Blog: Geo-Distributed Machine Learning — An Overview
The following post gives a bird’s-eye view on Geo-distributed machine learning.
We are living in an era where data is being produced at an immensely large scale. Organizations generate data related to users and systems from several branches across the globe. Currently prediction algorithms and machine learning models are built after accumulating all relevant data at a single location. This scenario is prevalent everywhere including the fore running organizations. This comes at a large cost, however.

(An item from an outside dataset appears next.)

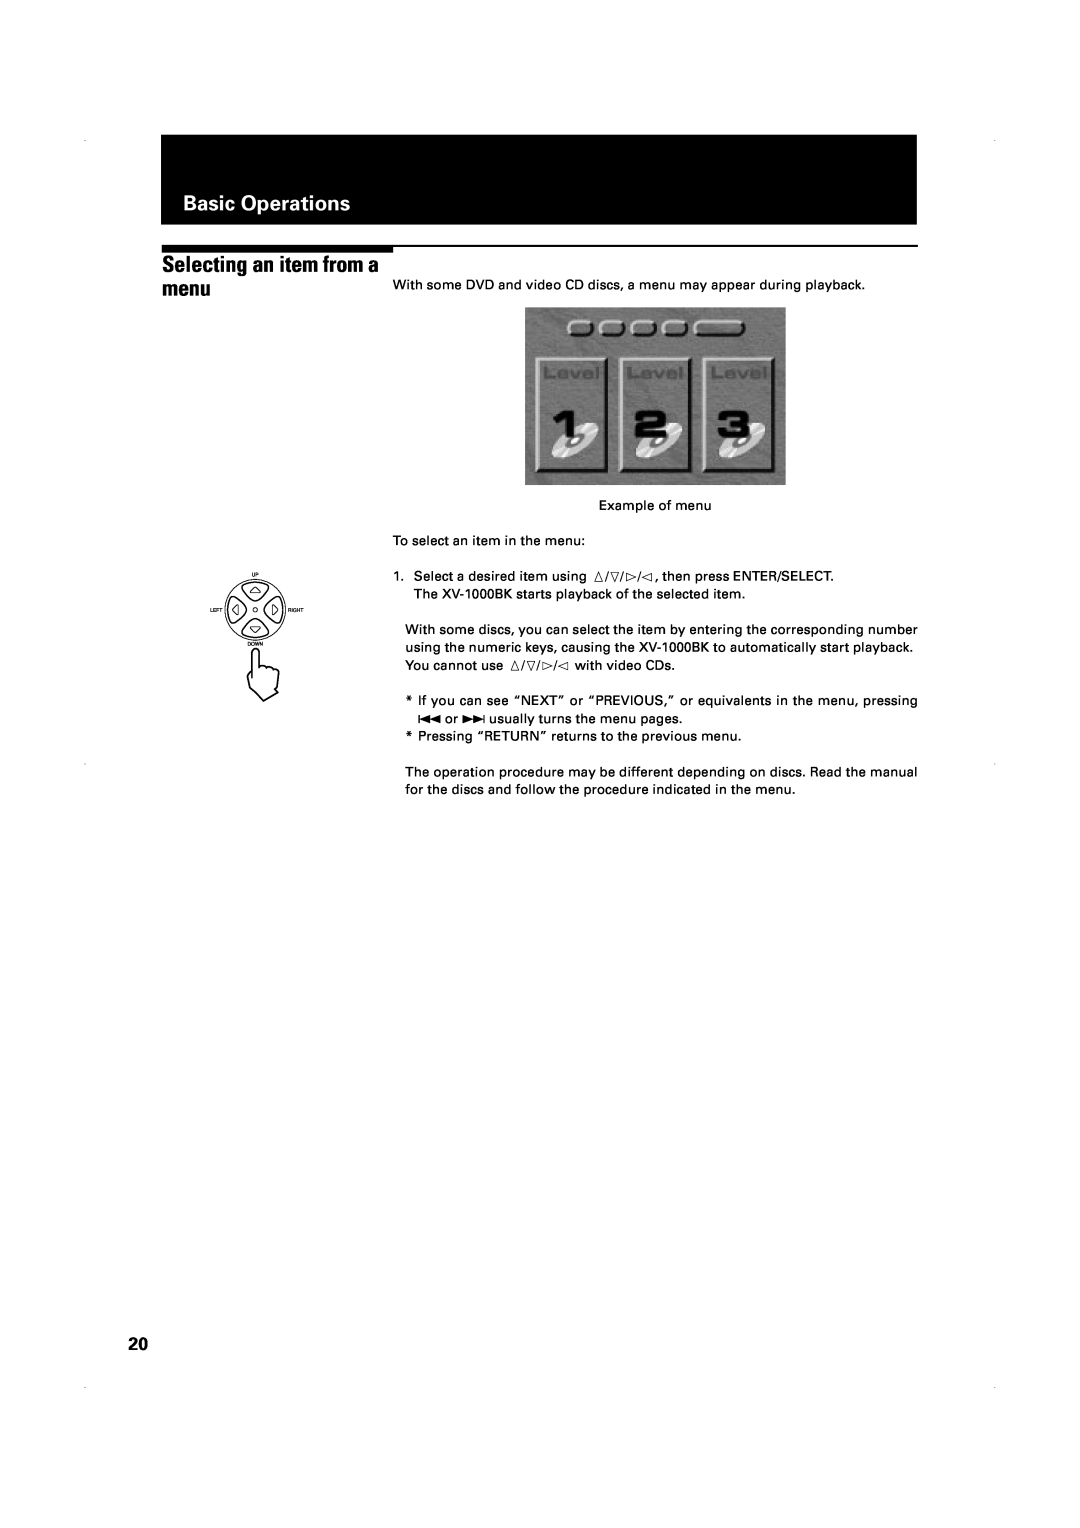 JVC XV-1000BK manual Selecting an item from a menu, Basic Operations 
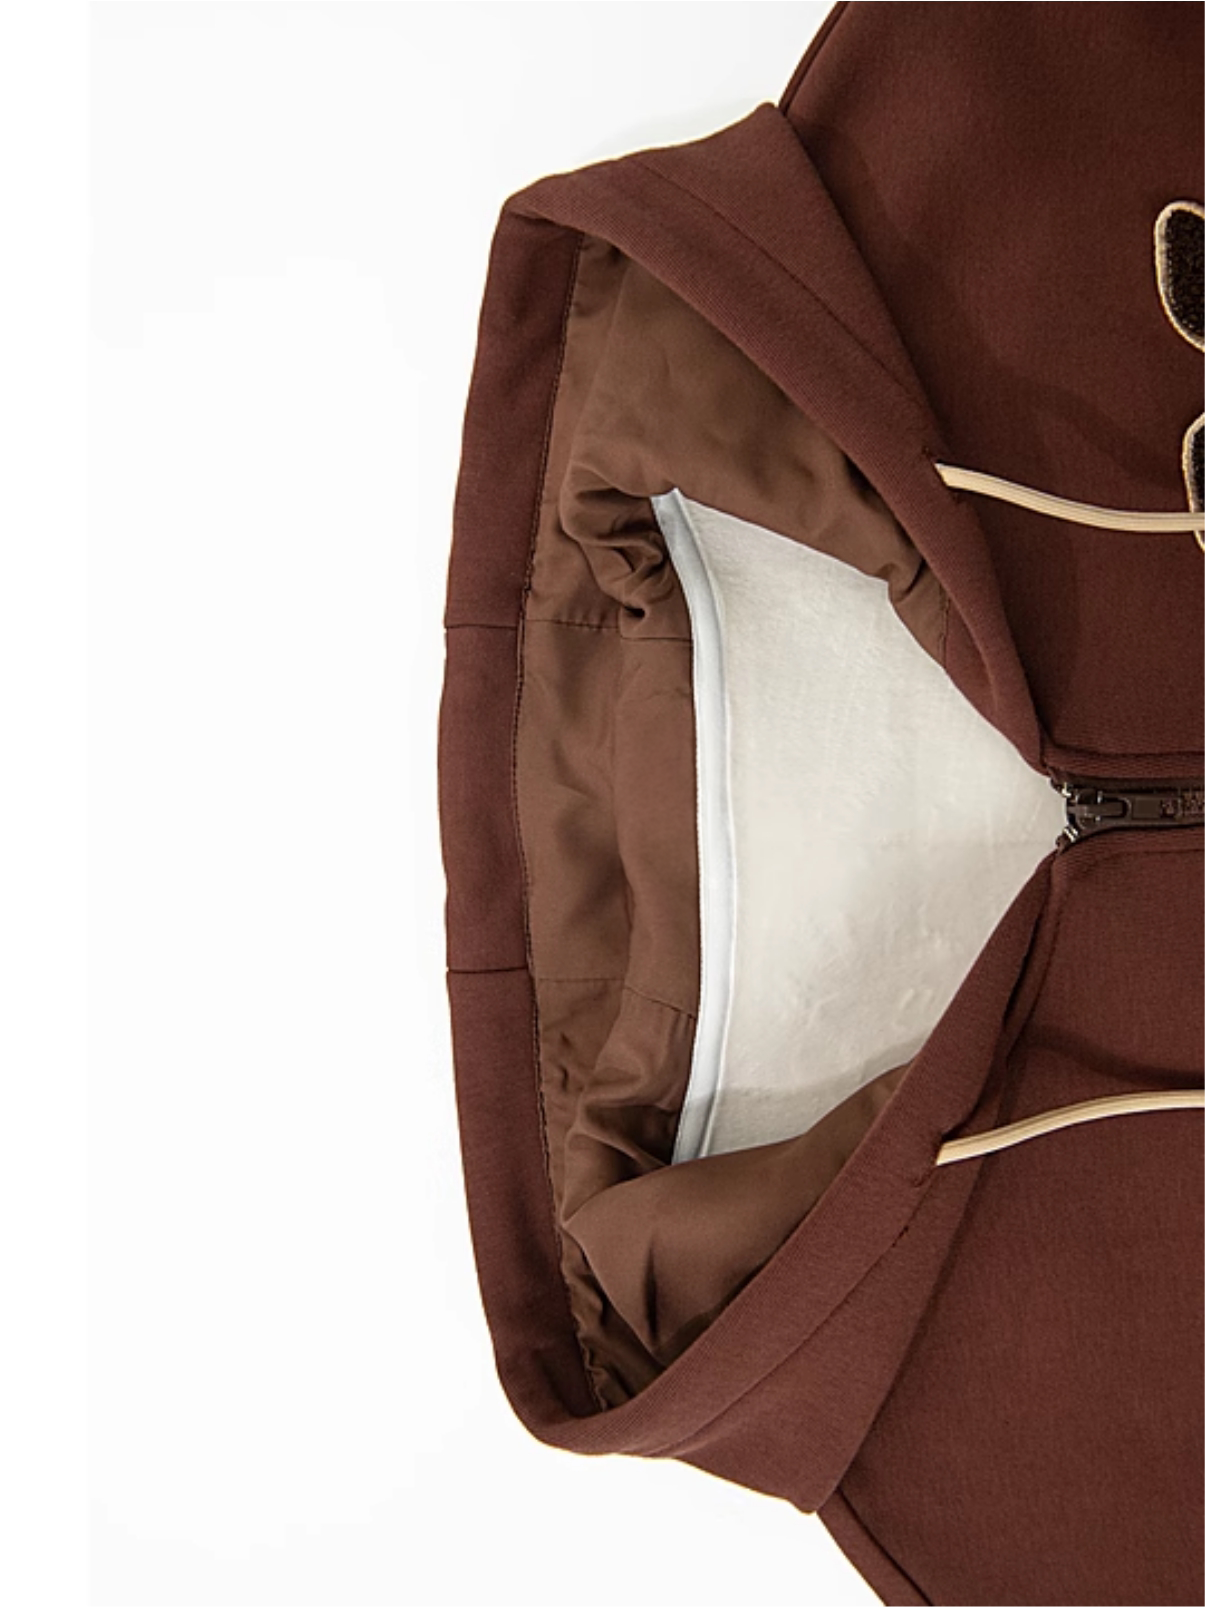 Maillard wears vintage brown sweatshirt jacket casual hooded top preppy autumn-ntbhshop

Is there a way to perform model building without moving data?
Consider a situation where you have hospitals spread across the country and patients with different diseases and ailments visit each of them. Let us consider patients to have DR — Diabetic Retinopathy (it is a disease that causes vision related problems to people having diabetes). Assuming you want to develop a CNN model to identify whether a particular patient has DR or not, the data of all the patients across these hospitals need to be centralized to a single destination after which a model can be trained. This current trend has the following problems:
- Privacy: Hospitals and especially patients never want their information to be used/transferred elsewhere.
- Latency: The data (which in our case are images of high resolution) takes quite a long time to be transferred.
- Transfer cost: The cost involved is proportional to the amount of data transferred.
- Security: It must be ensured that the data is not leaked or hacked during transfer.
Fig. 1 shows the current trend of training machine learning models.
- Data is first collected from various sources distributed across regions and stored in a centralized server (aka. data center).
- After data collection, different models are built and trained on the DC.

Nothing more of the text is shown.